◆ DATA SECTION:
--------

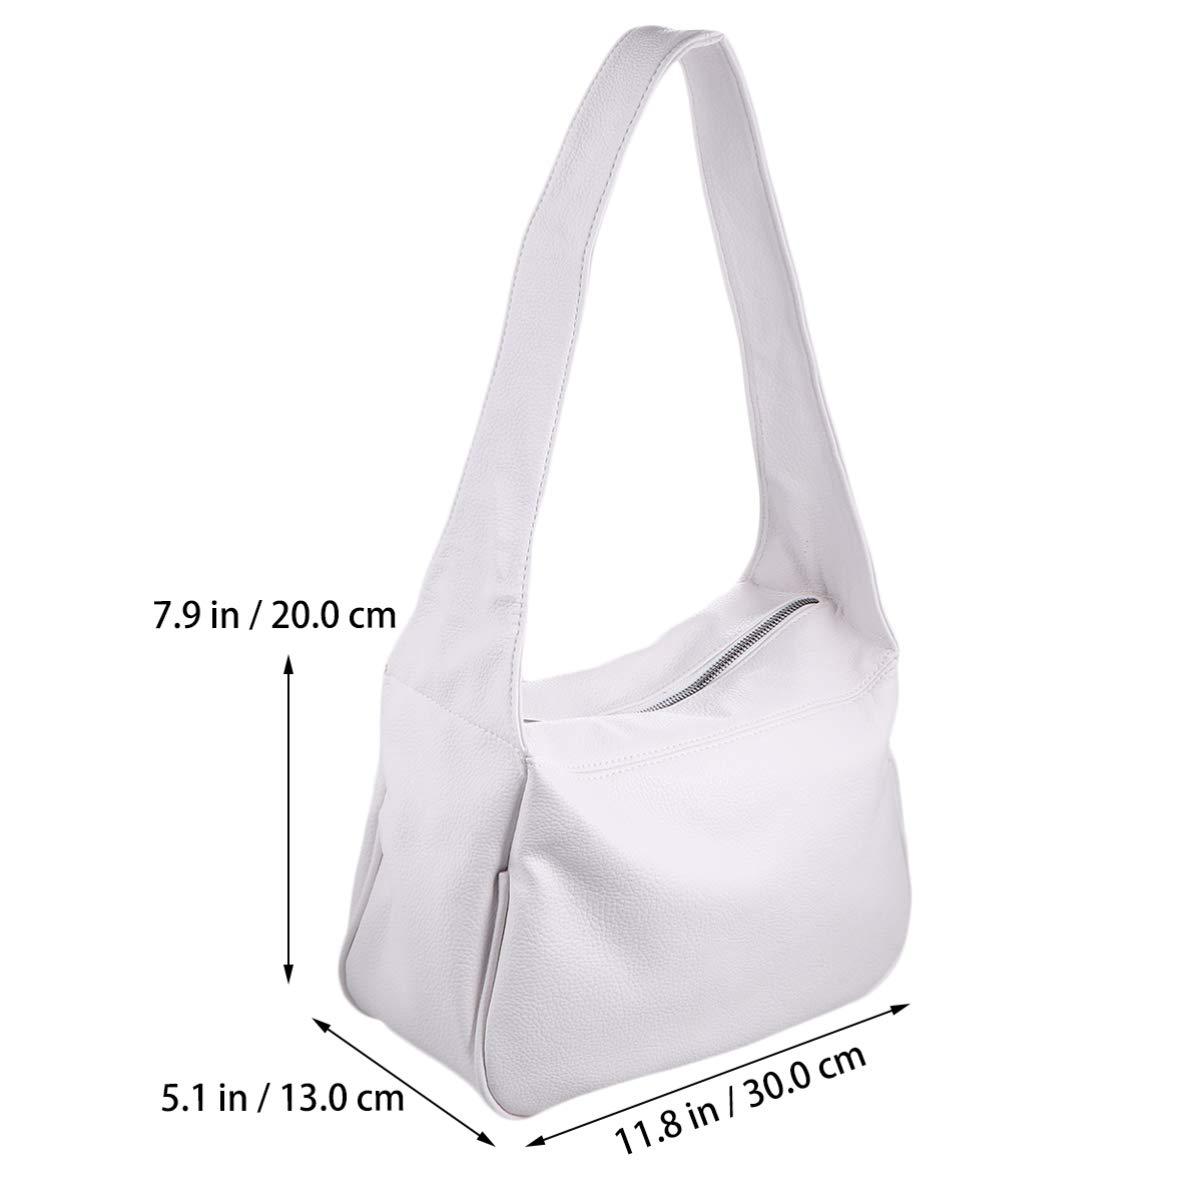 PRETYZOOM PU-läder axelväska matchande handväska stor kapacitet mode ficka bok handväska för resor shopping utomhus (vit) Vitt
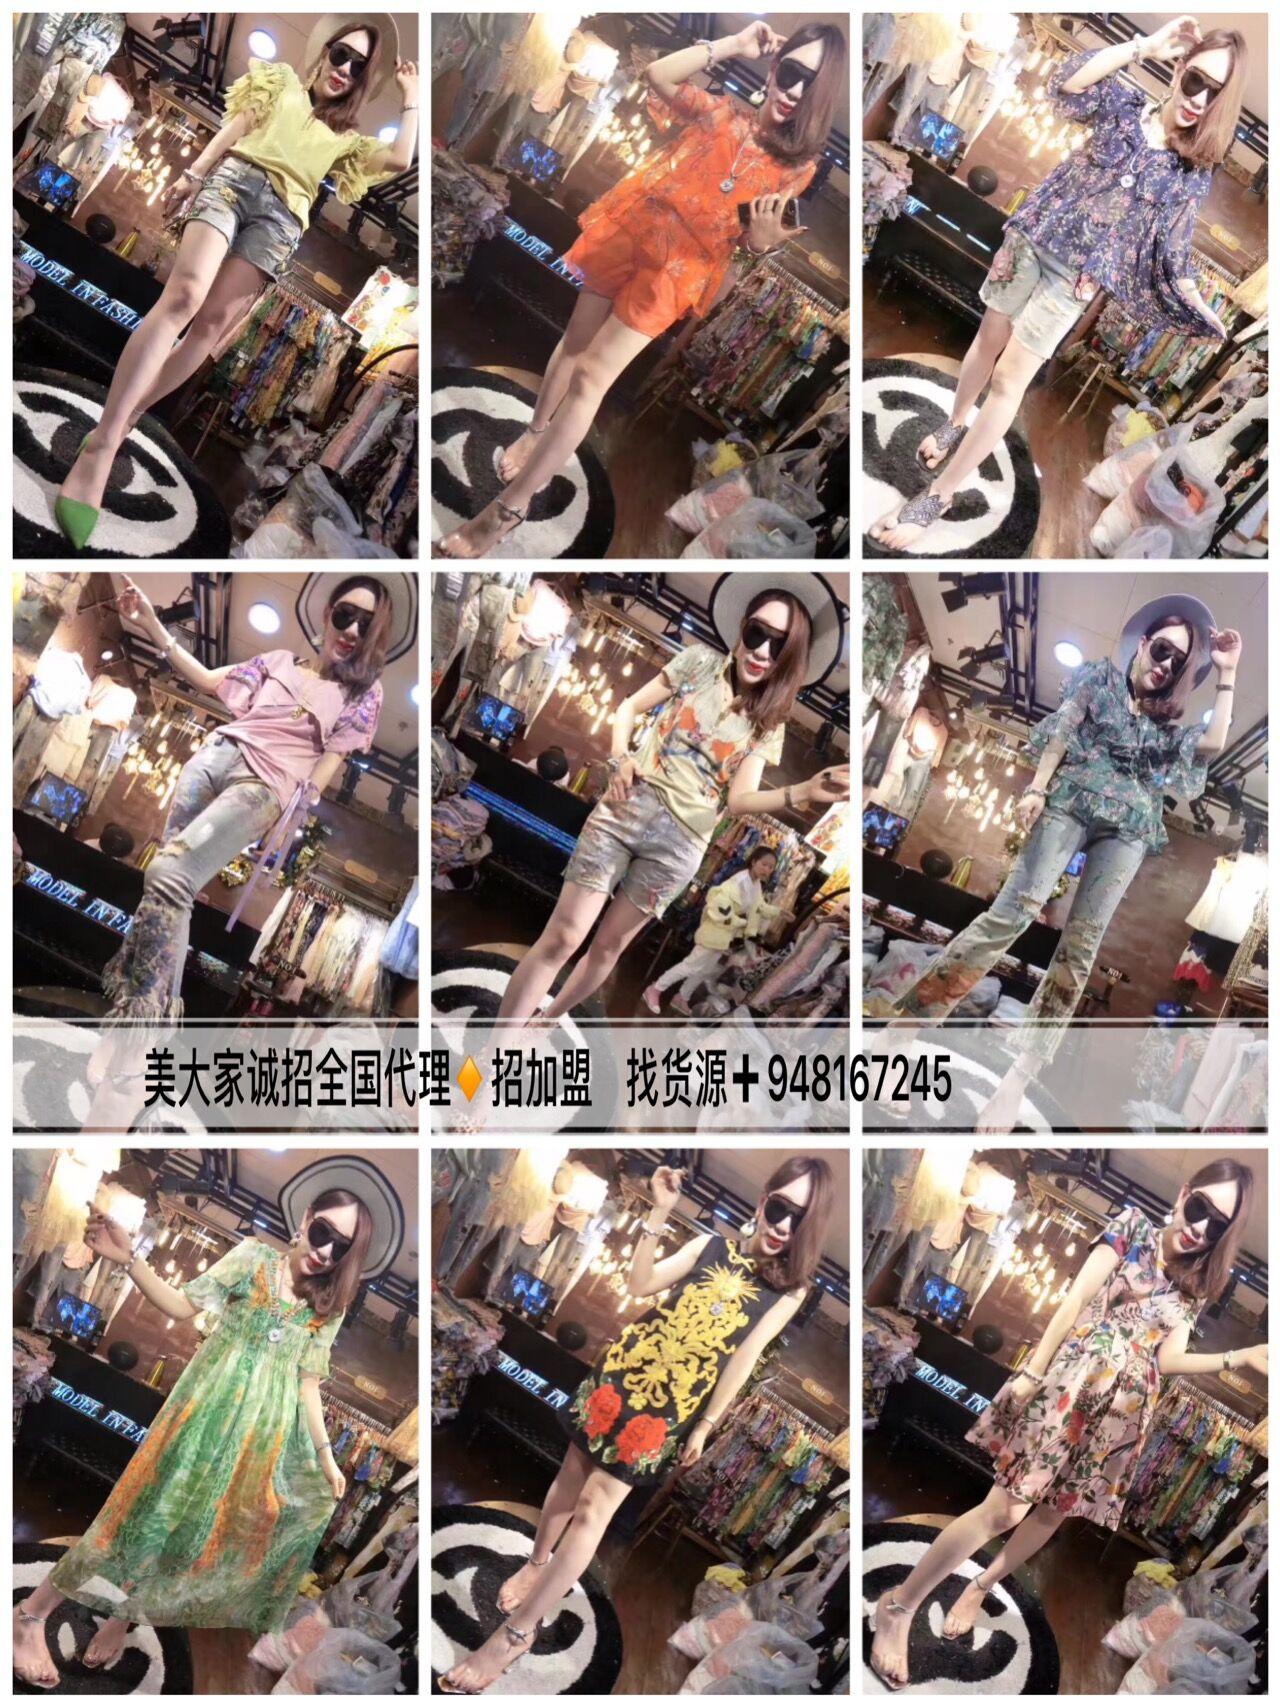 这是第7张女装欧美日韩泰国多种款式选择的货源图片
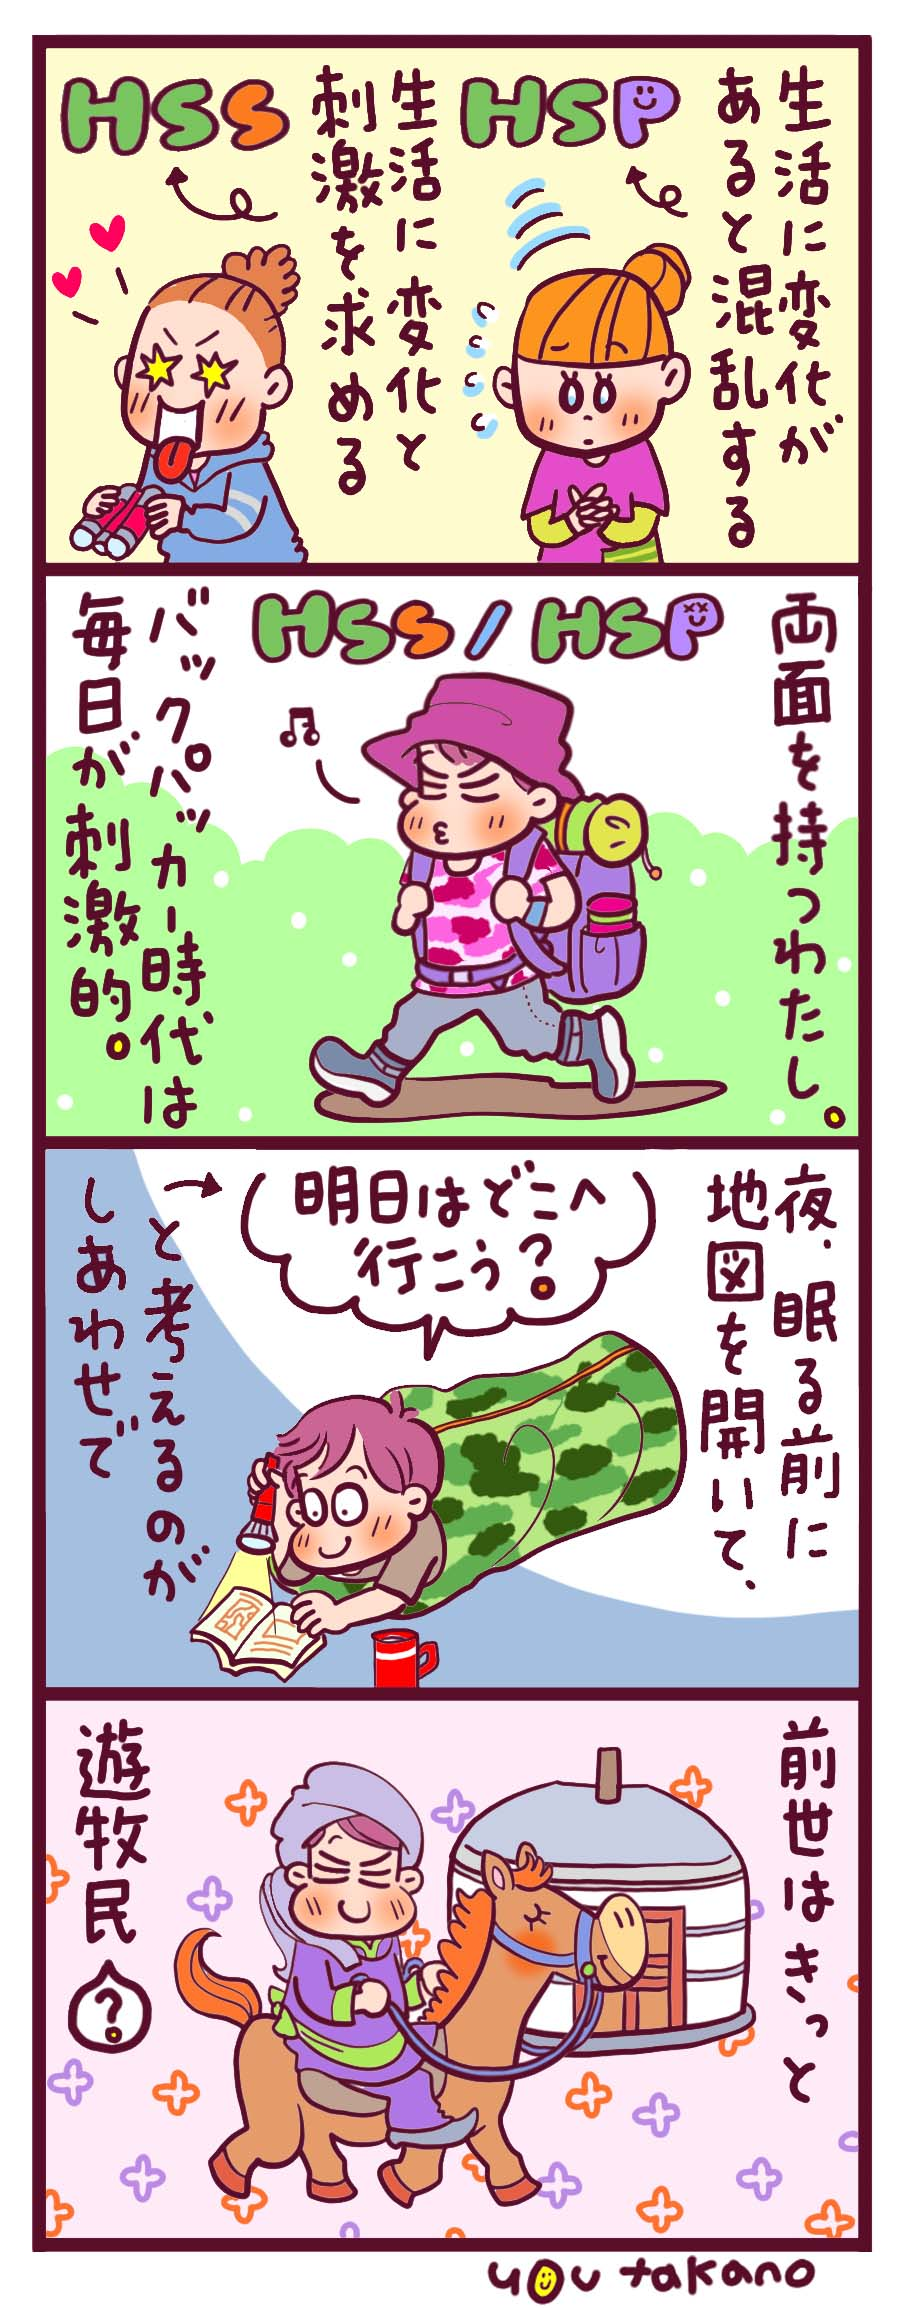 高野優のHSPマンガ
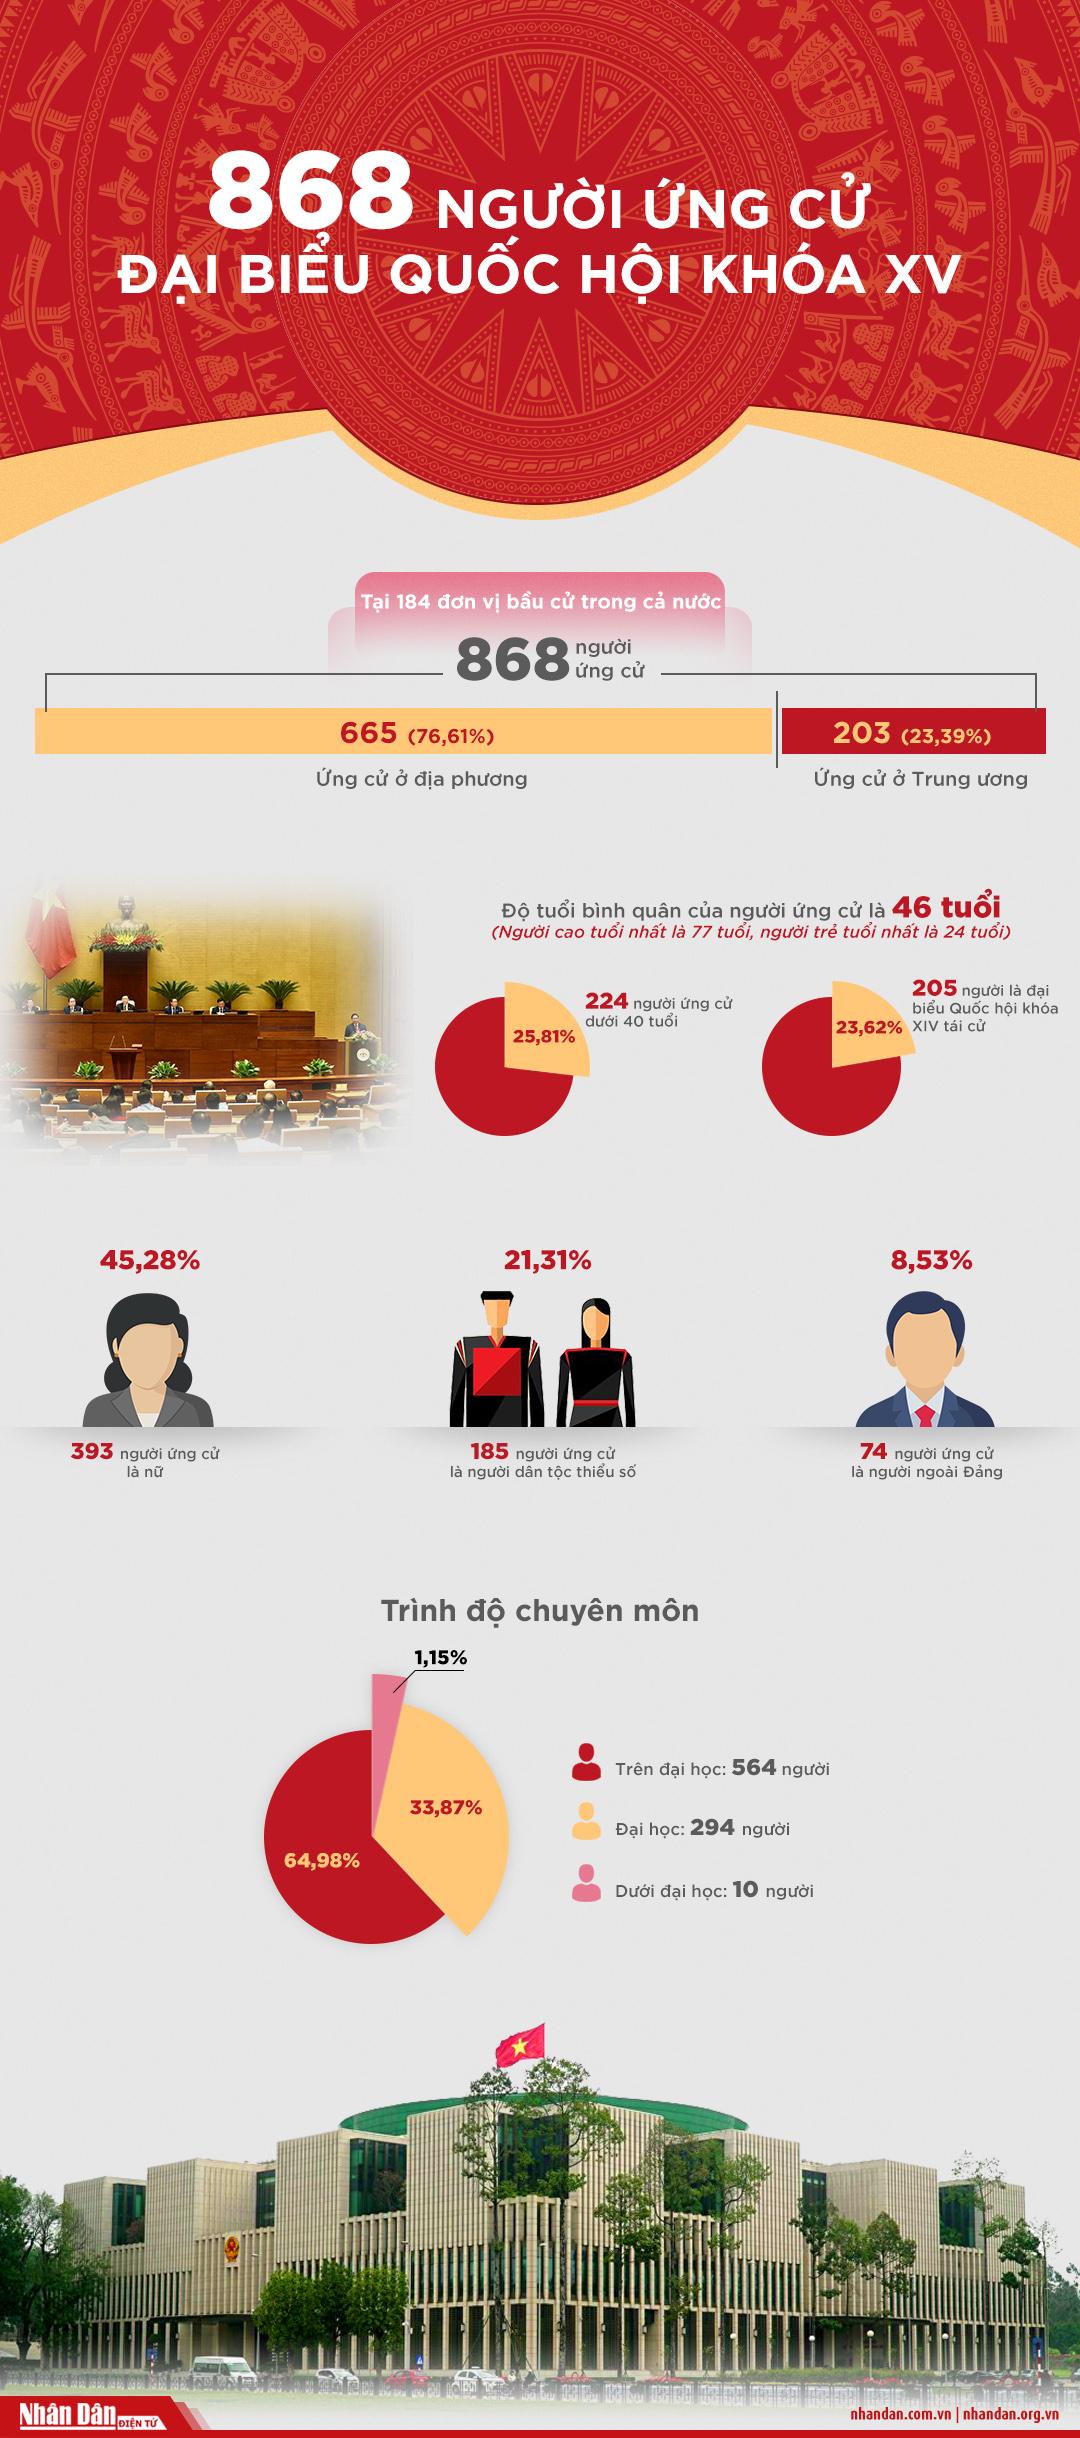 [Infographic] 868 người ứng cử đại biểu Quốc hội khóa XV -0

--------

◆ WHAT IS REQUIRED: Nothing but the pictures may be dropped as you repeat the listing above exactly.

◆ ANSWER SPACE:
 PRETYZOOM PU-läder axelväska matchande handväska stor kapacitet mode ficka bok handväska för resor shopping utomhus (vit) Vitt
 这是第7张女装欧美日韩泰国多种款式选择的货源图片
 高野優のHSPマンガ
 [Infographic] 868 người ứng cử đại biểu Quốc hội khóa XV -0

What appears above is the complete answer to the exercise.